YOUR GOAL | Nothing but the lines from the one containing "Wing arm ball joint plate" to the end of the data should be copied, exactly, and the pictures stay out.

PROVIDED MATERIAL |
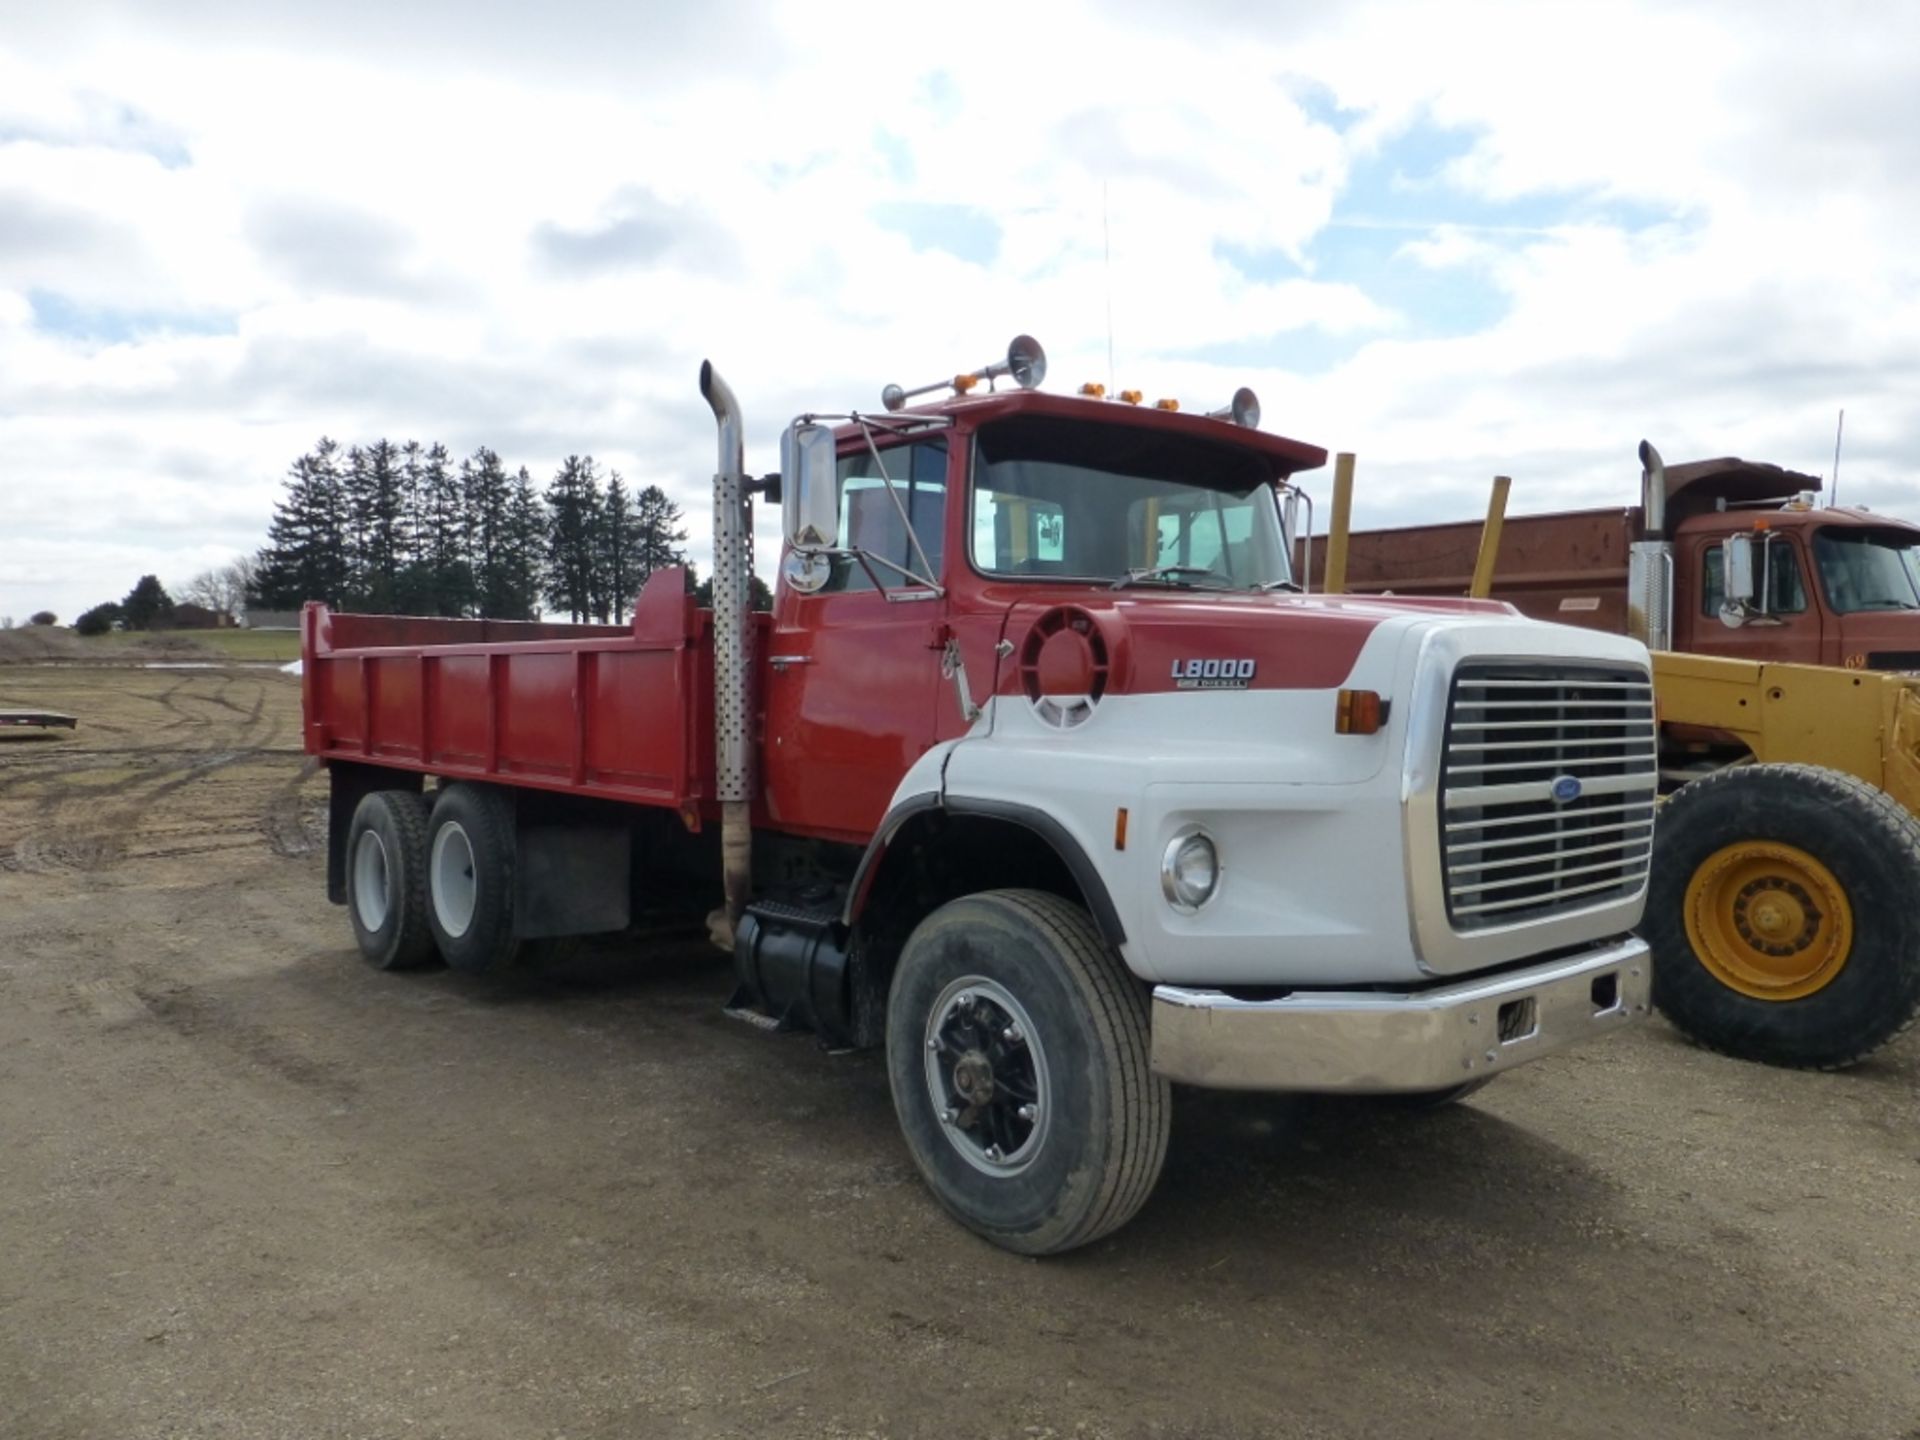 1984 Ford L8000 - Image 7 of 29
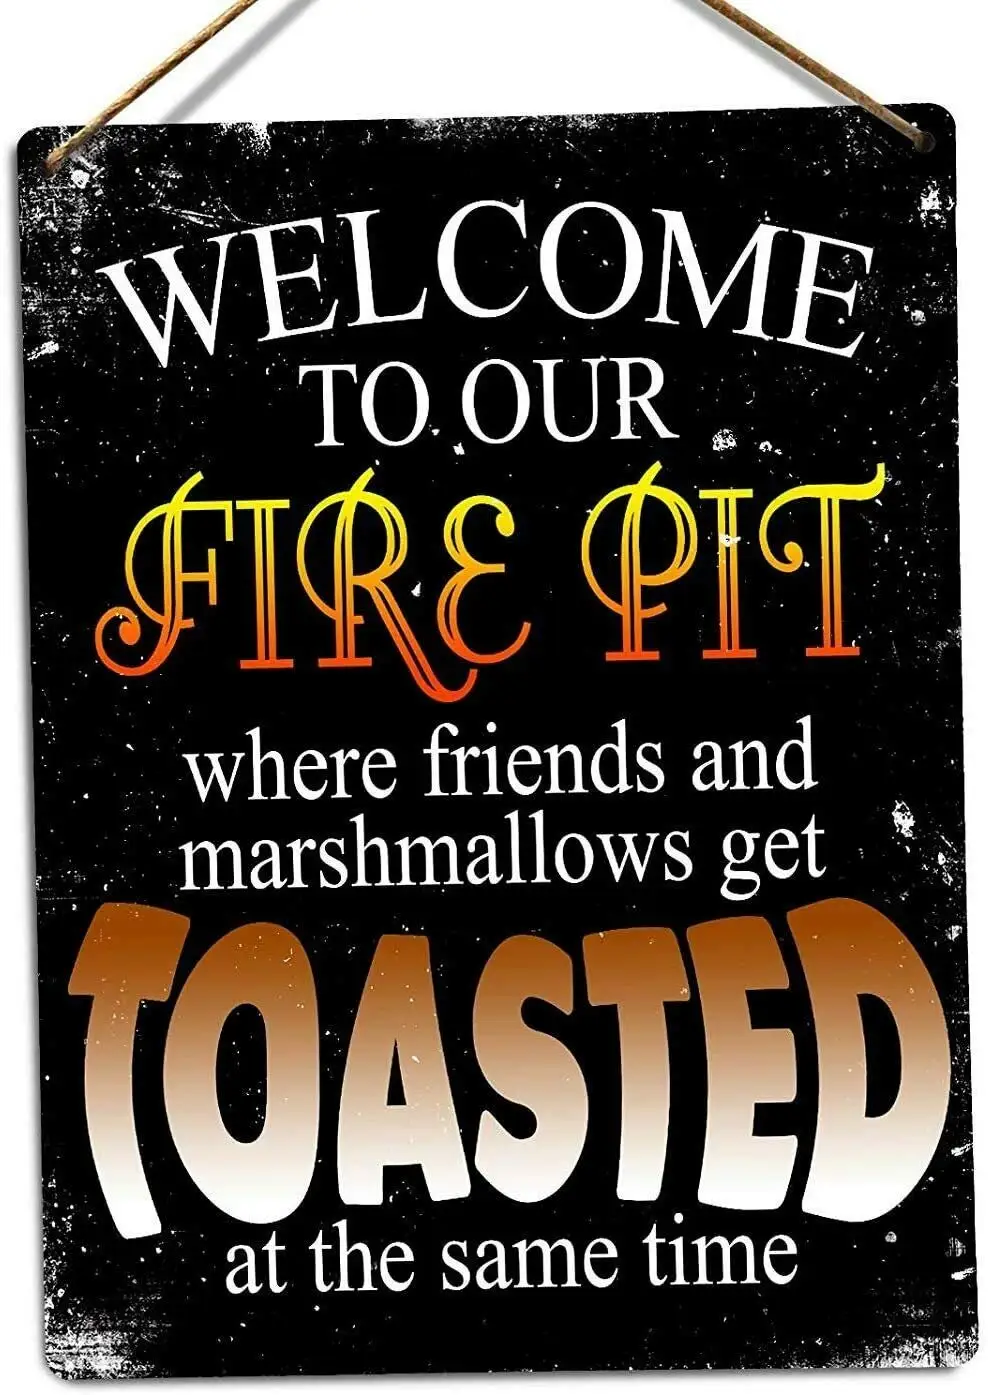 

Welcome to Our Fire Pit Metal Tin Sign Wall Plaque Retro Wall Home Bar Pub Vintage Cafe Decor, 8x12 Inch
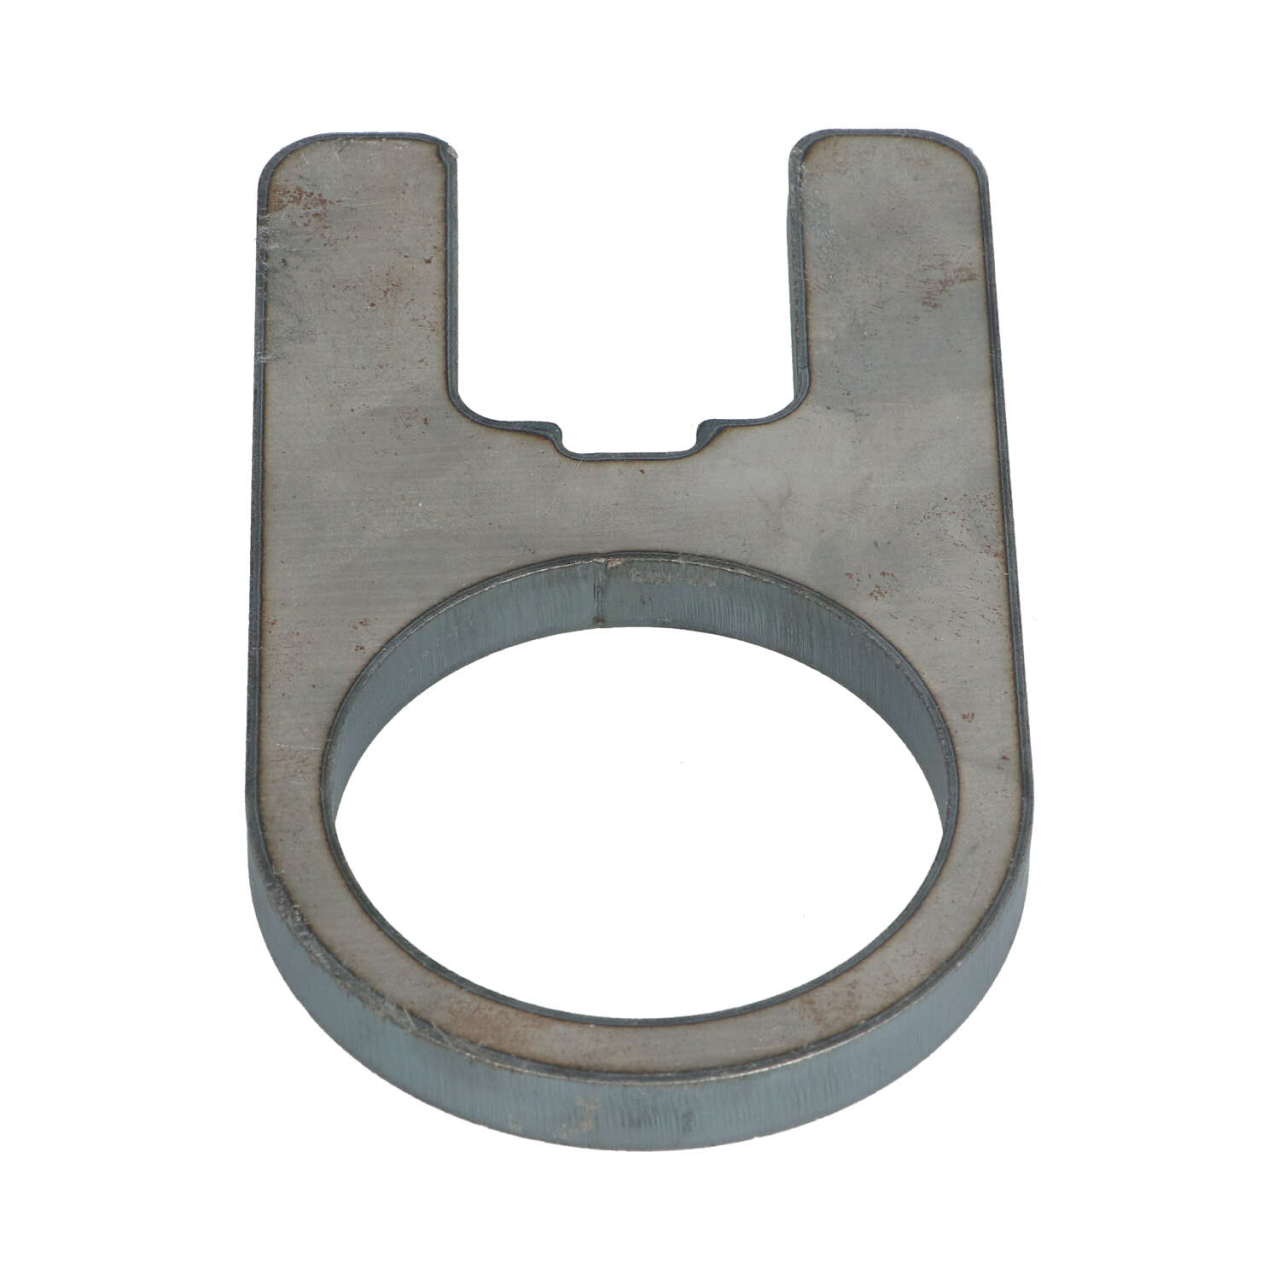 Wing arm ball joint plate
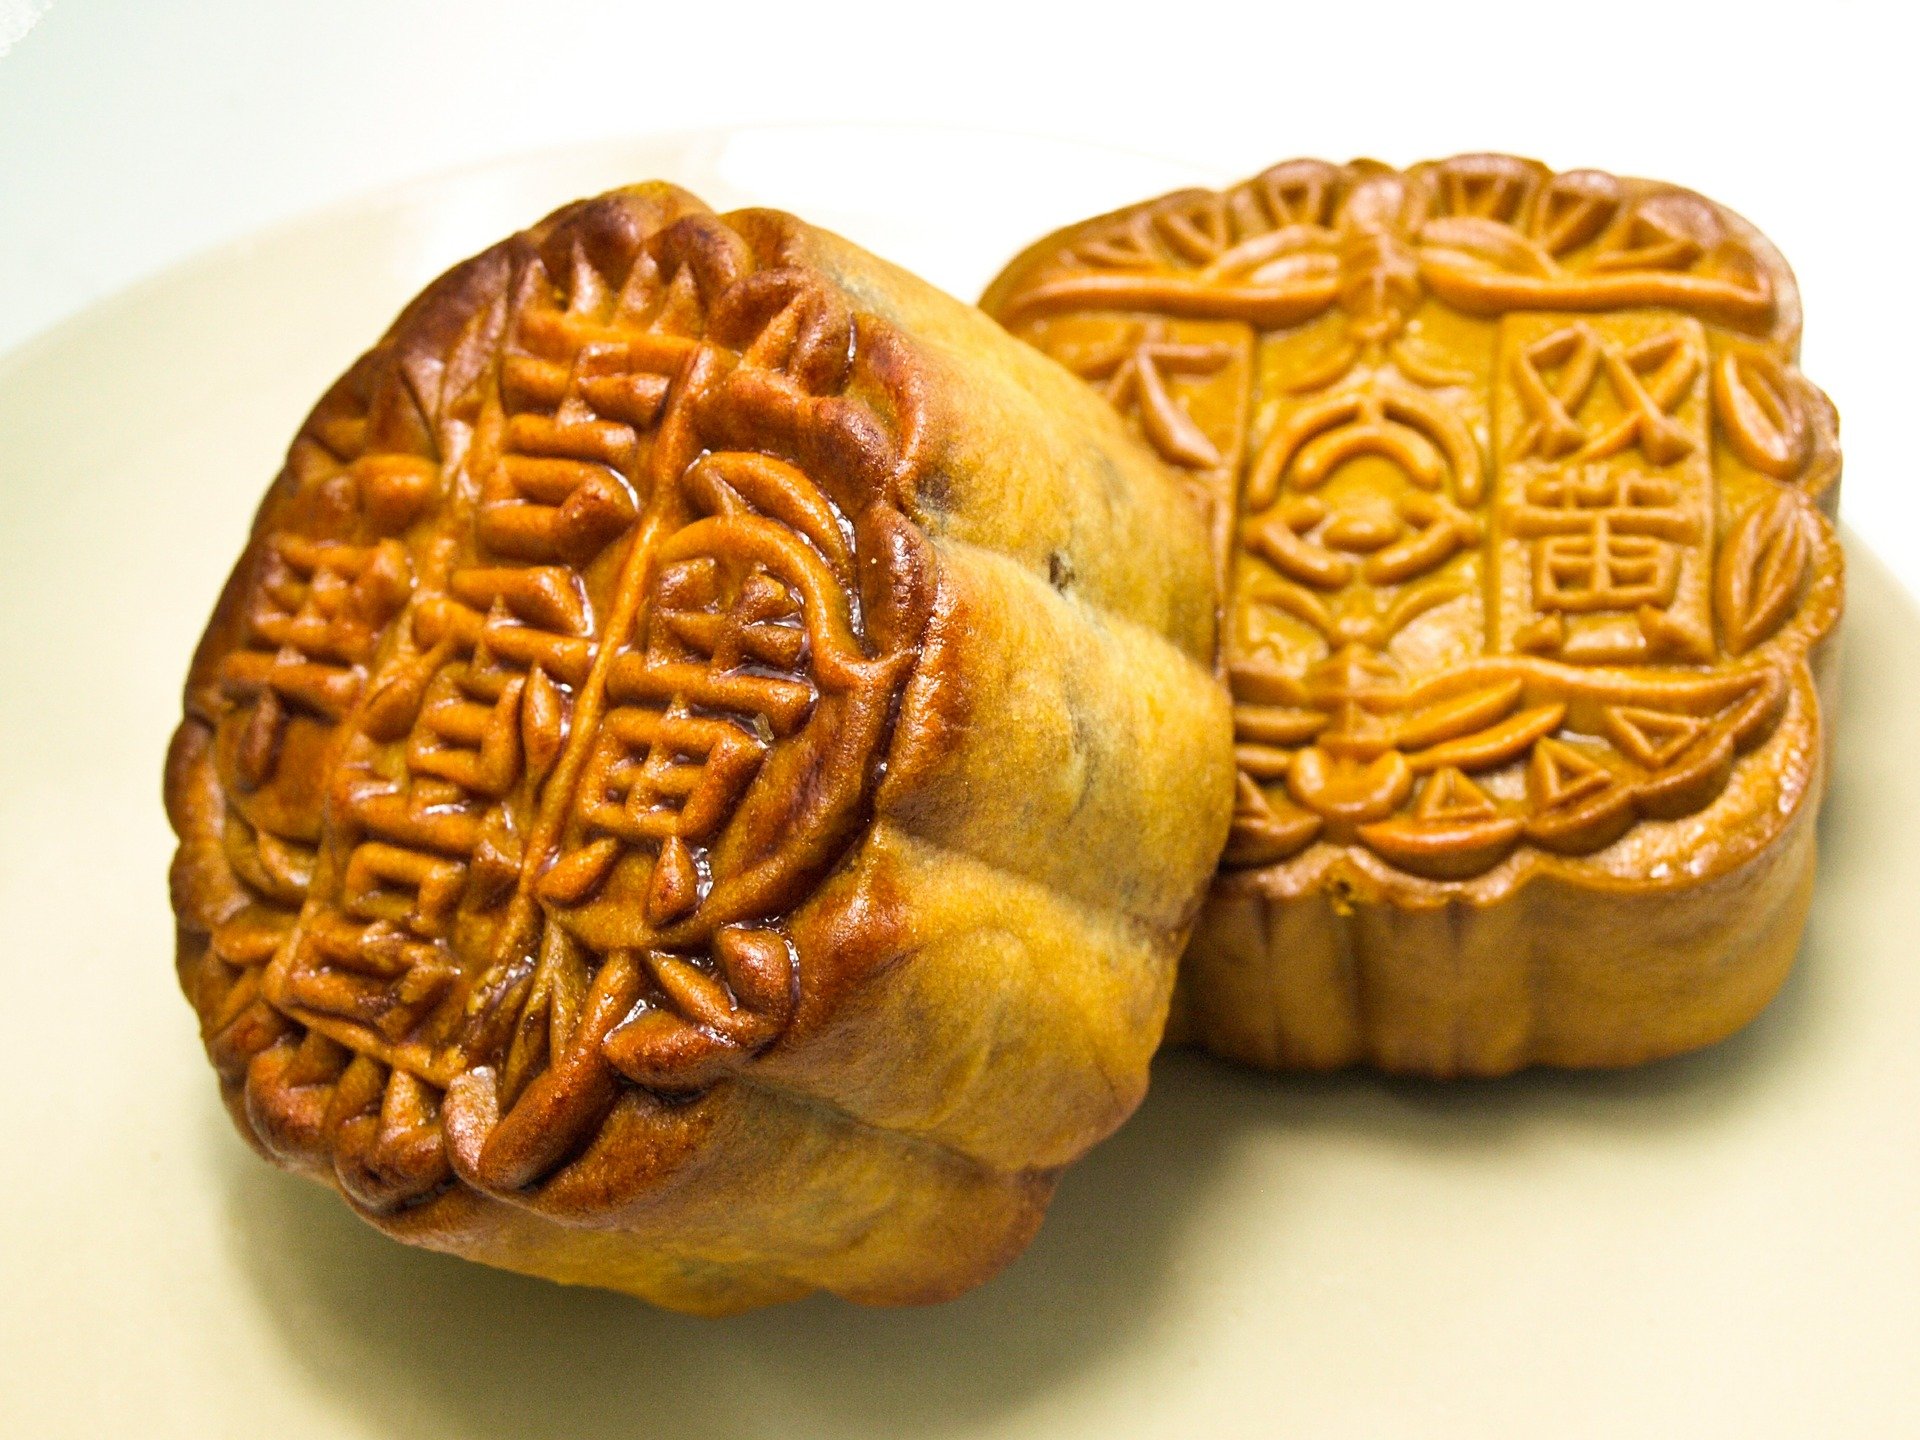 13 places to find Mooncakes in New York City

OUTPUT FOR THIS TASK |
 Wing arm ball joint plate
 13 places to find Mooncakes in New York City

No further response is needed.